Residents of Salcha who want fire service pay a yearly fee and then if there is a fire, the fire department responds for free. This is different than all the other fire service areas in the Fairbanks North Star Borough that factor the cost of fire service into property taxes.

Biggane said that the subscription doesn’t mean they deny service to anyone. He clarified that they still will come and put the fire out; they just charge an hourly fee for the equipment and firefighters.

Another difference is how heavily the department relies on volunteers.

“We are 99.8% volunteer, I do have a paid guy that’s here, Monday through Friday from 8 to 4 o’clock, but everything else is 100% traditional volunteer from the community,” said Biggane.

The community aspect of Salcha is very important to the department and their volunteers. Ryan Moore lives in Salcha and has been volunteering at the department for around seven years. He said he had never worked at a fire department previously but had always wanted to try it out.

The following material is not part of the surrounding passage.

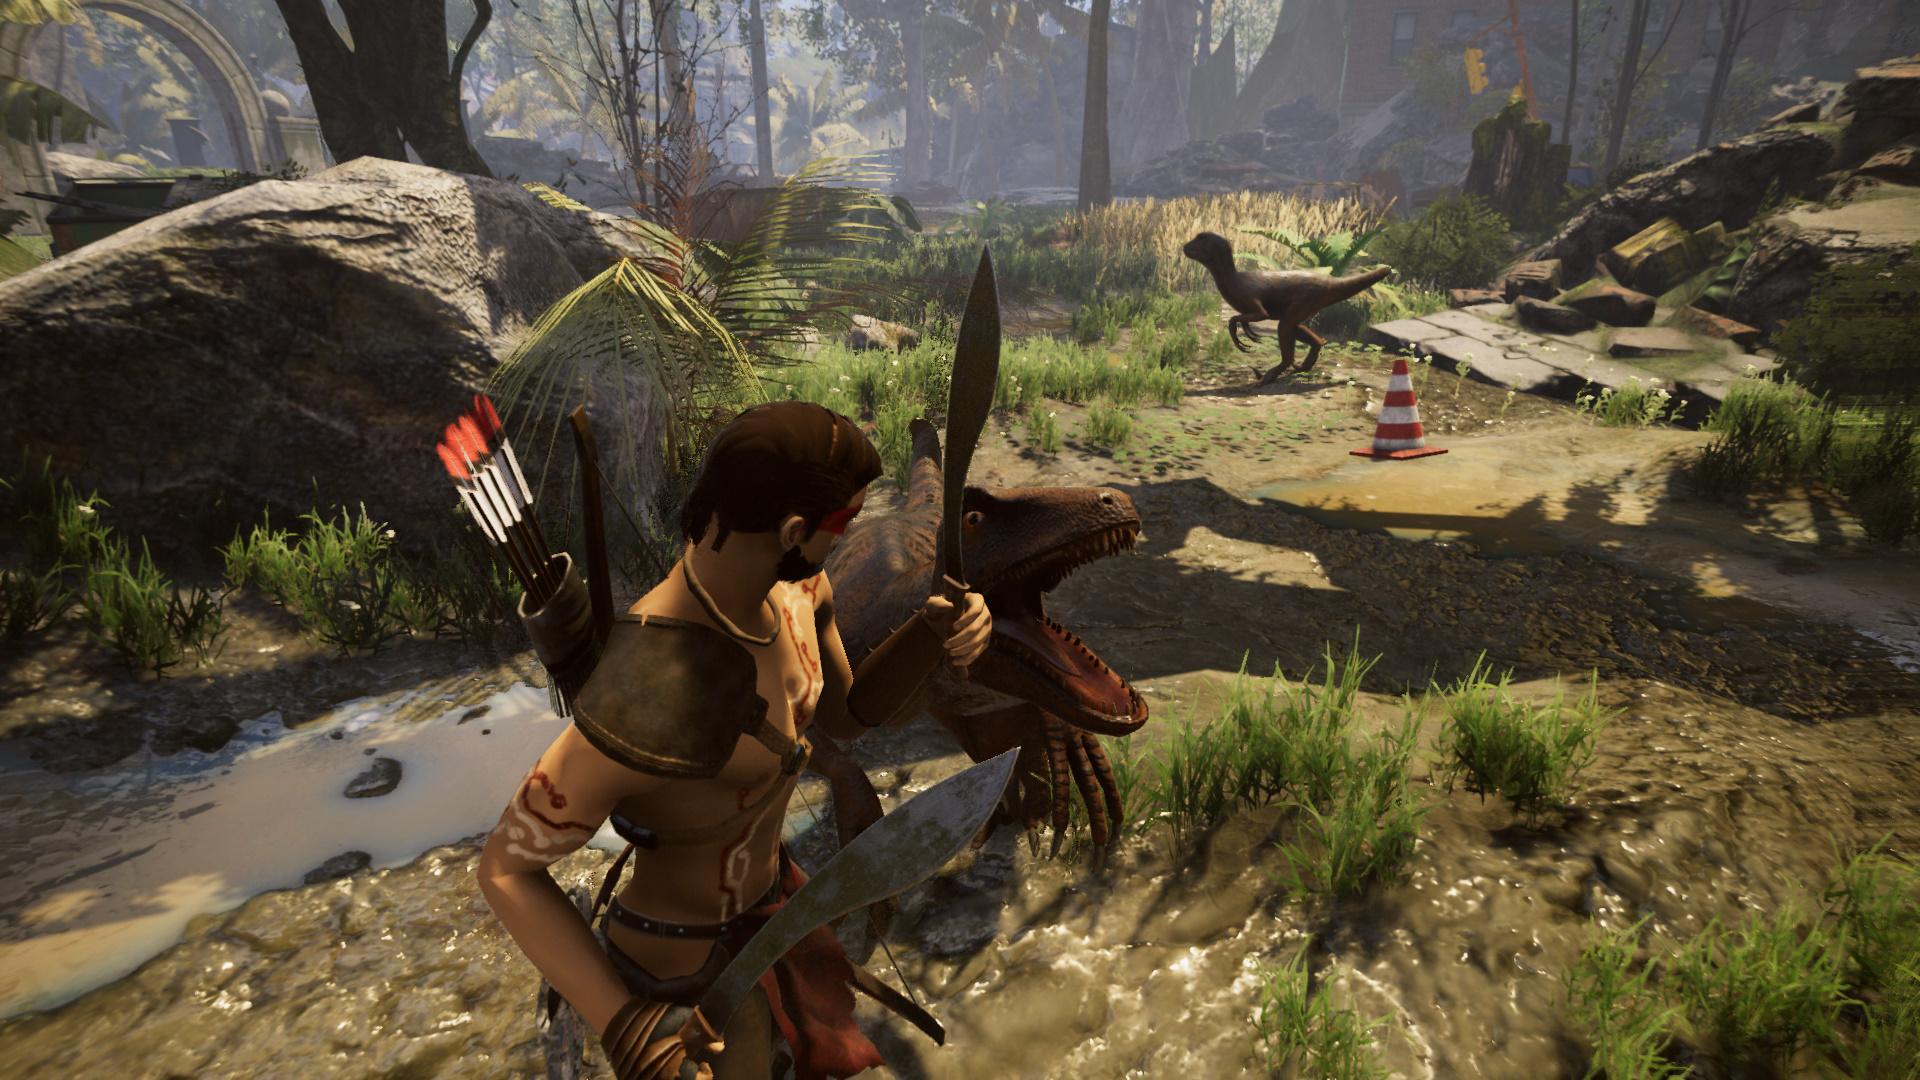 Reptiles In Hunt Free Download
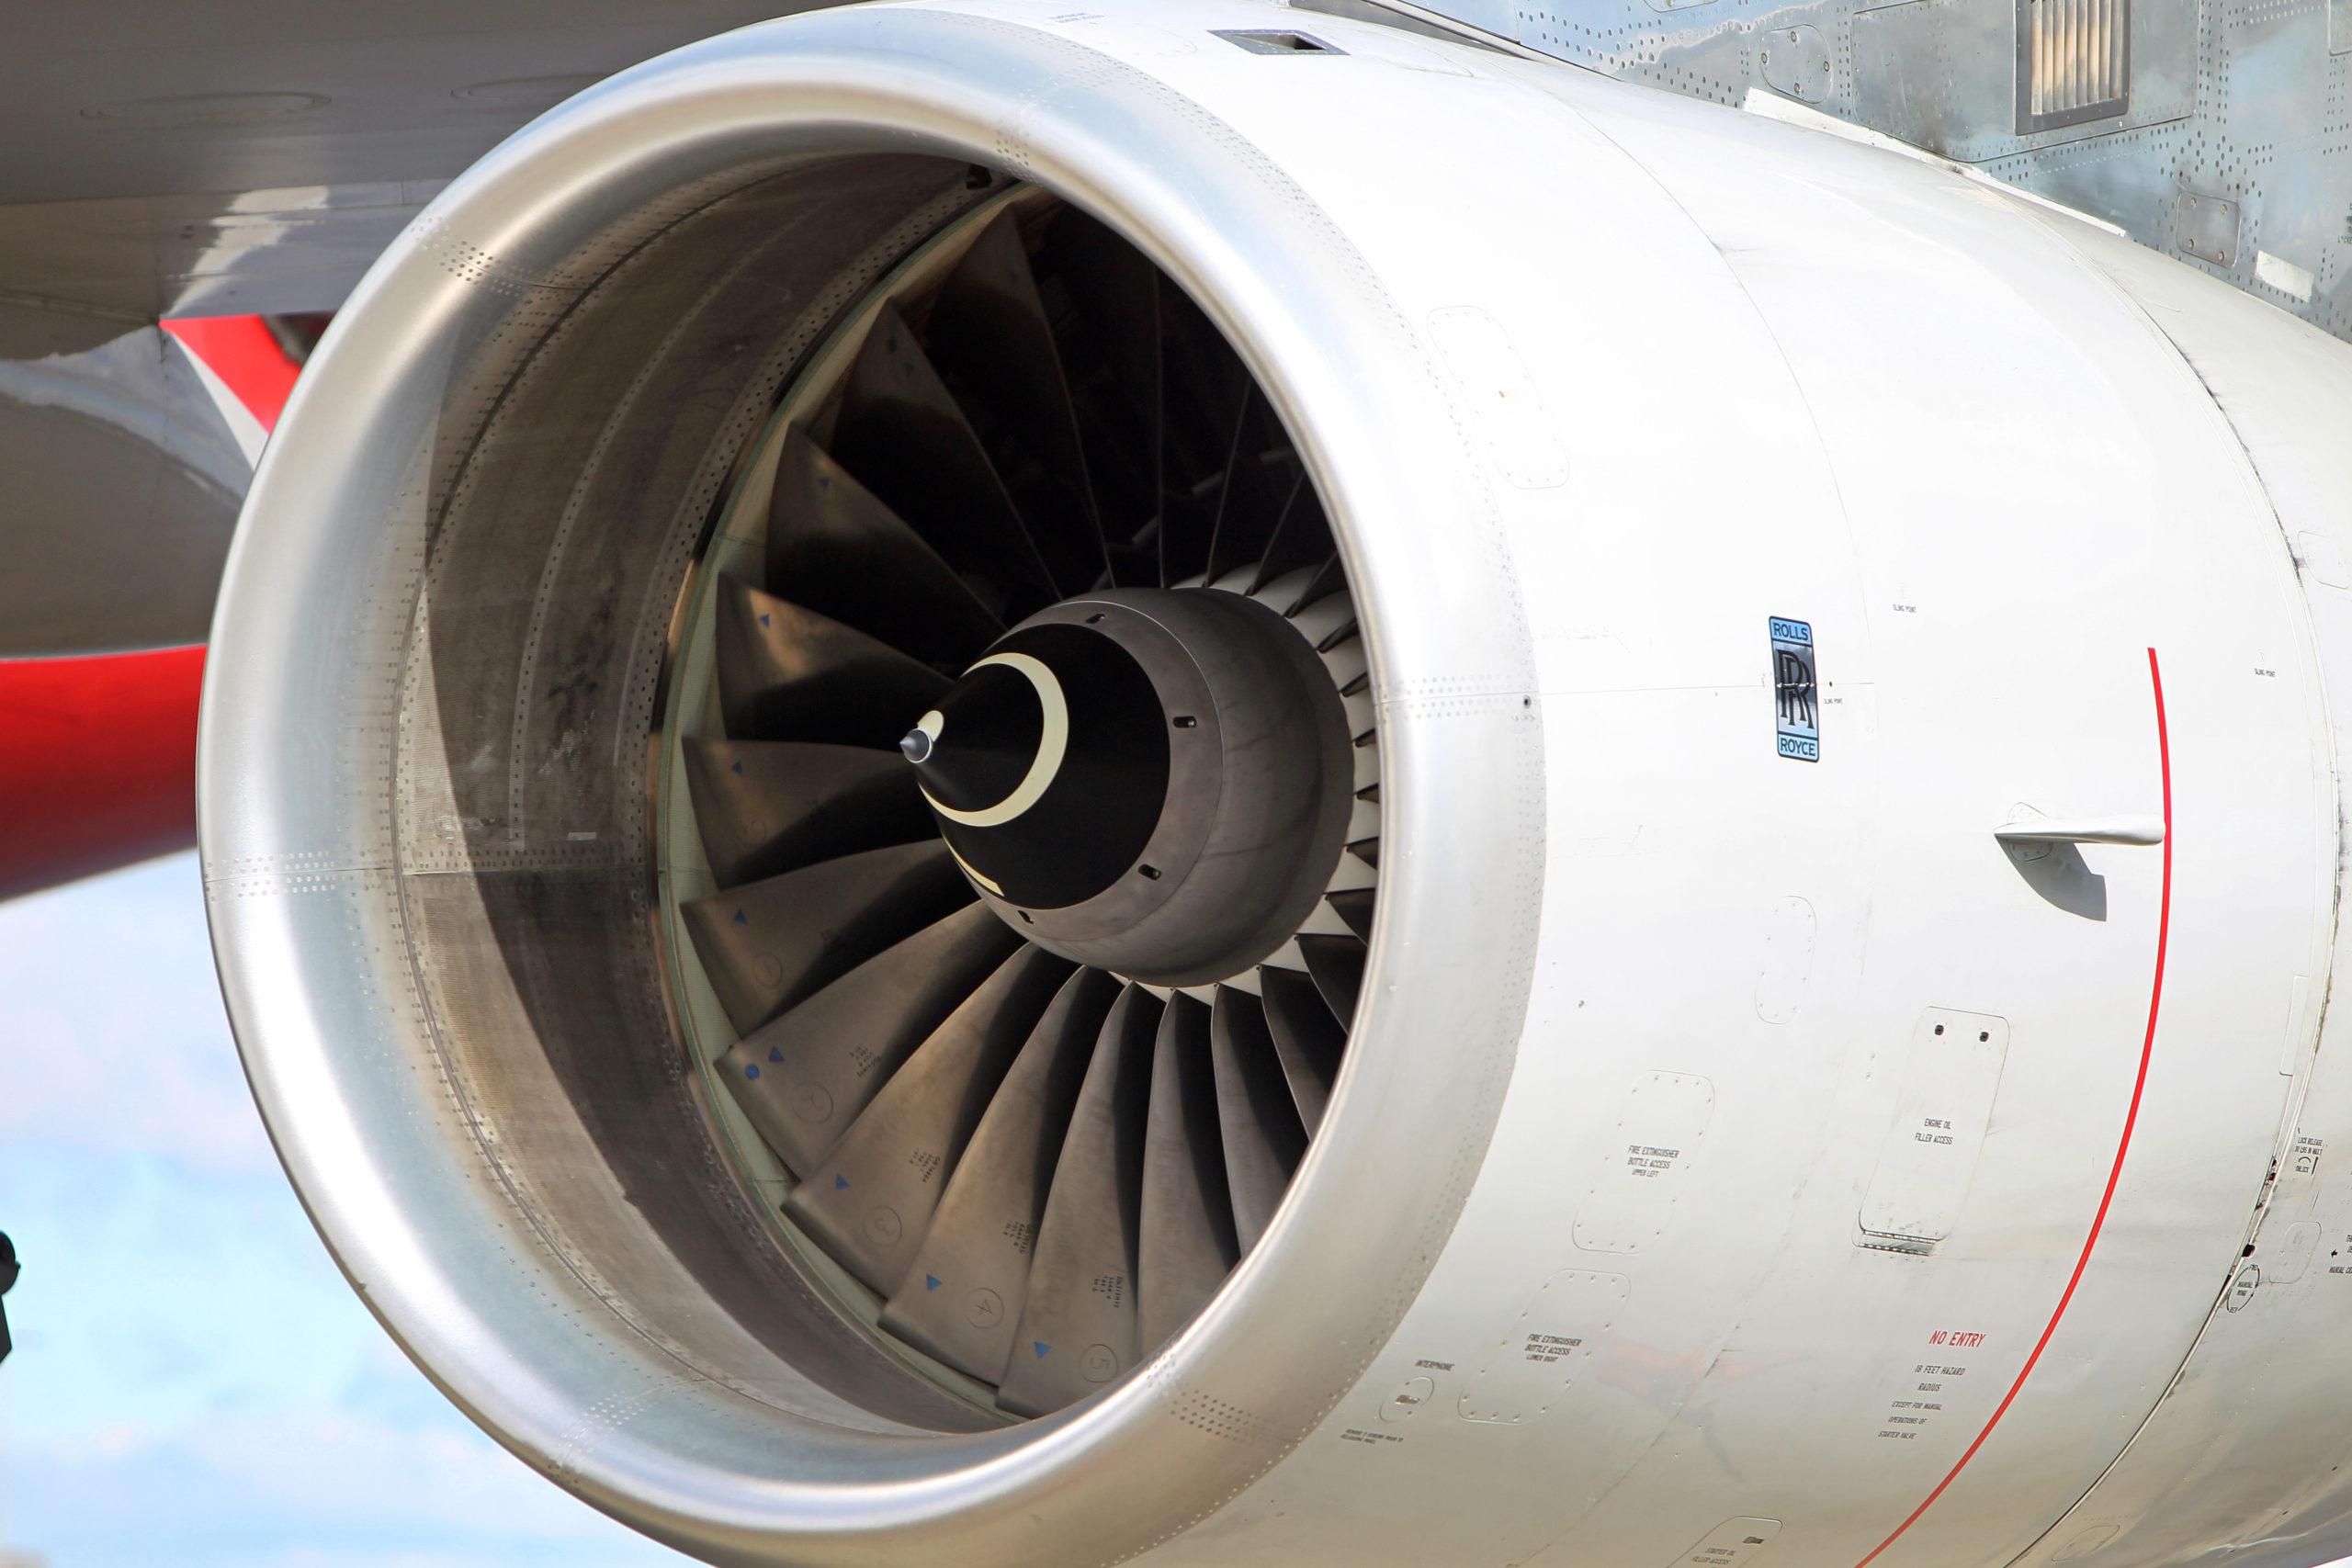 An aircraft jet engine.

“The big thing I enjoy about volunteering is, it’s being able to help other people, and provide something to the community. I find that incredibly rewarding to be able take somebody, somebody’s day that’s going really poorly and do what I can to make it a much better day,” Moore said.

Even Chief Biggane is a volunteer at the station. Being a nearly all volunteer department and operating on a subscription basis does provide challenges for a budget though.

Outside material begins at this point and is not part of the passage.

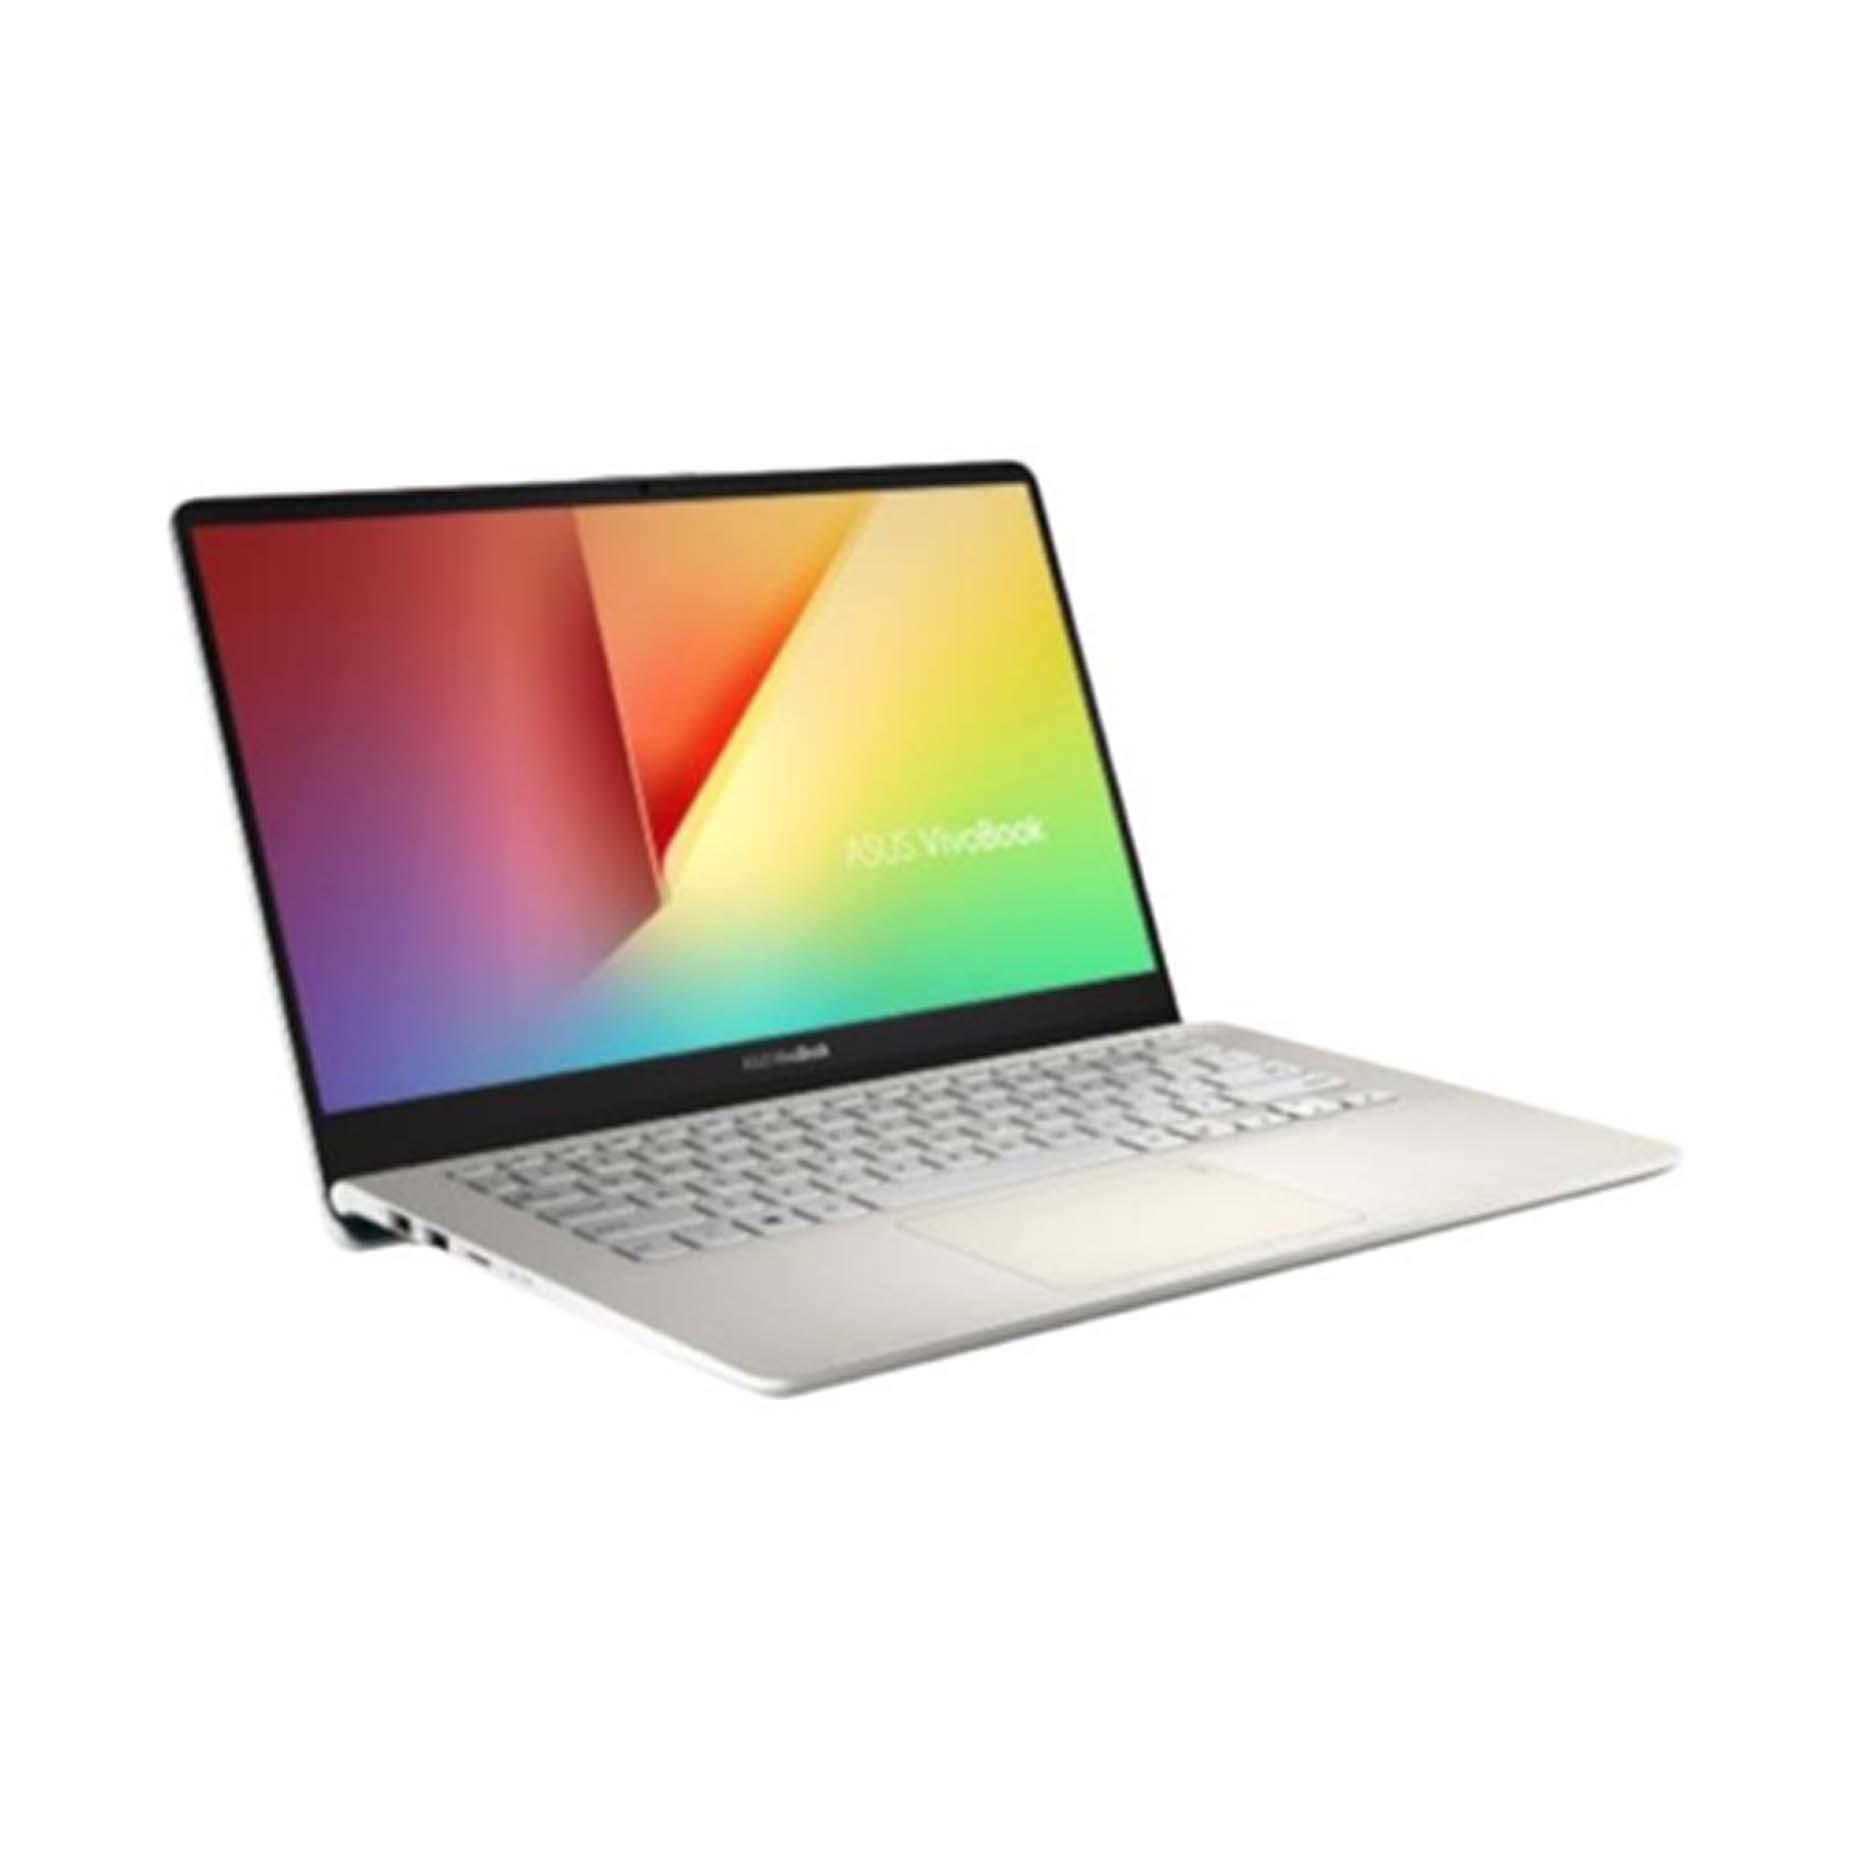 Harga Asus Vivobook S330FA-EY502T Silver Intel Core i5-8265U 4GB 256GB 13.3 FHD Win 10

“Just about everything we can do in house, we do in house, to keep cost down so we can provide a better service to the community. It does result in a much lower cost to the residents who do subscribe, versus the amount of money that would be in the property taxes if we were in a normal fire service area,” Moore said.

These unique factors mean the department is always looking for more help, “Supporting your community, that’s what this is all about. We really strongly believe in community values. For community values to be protected and have some sort of level of safety, we need people to step up and come in the door,” said Biggane.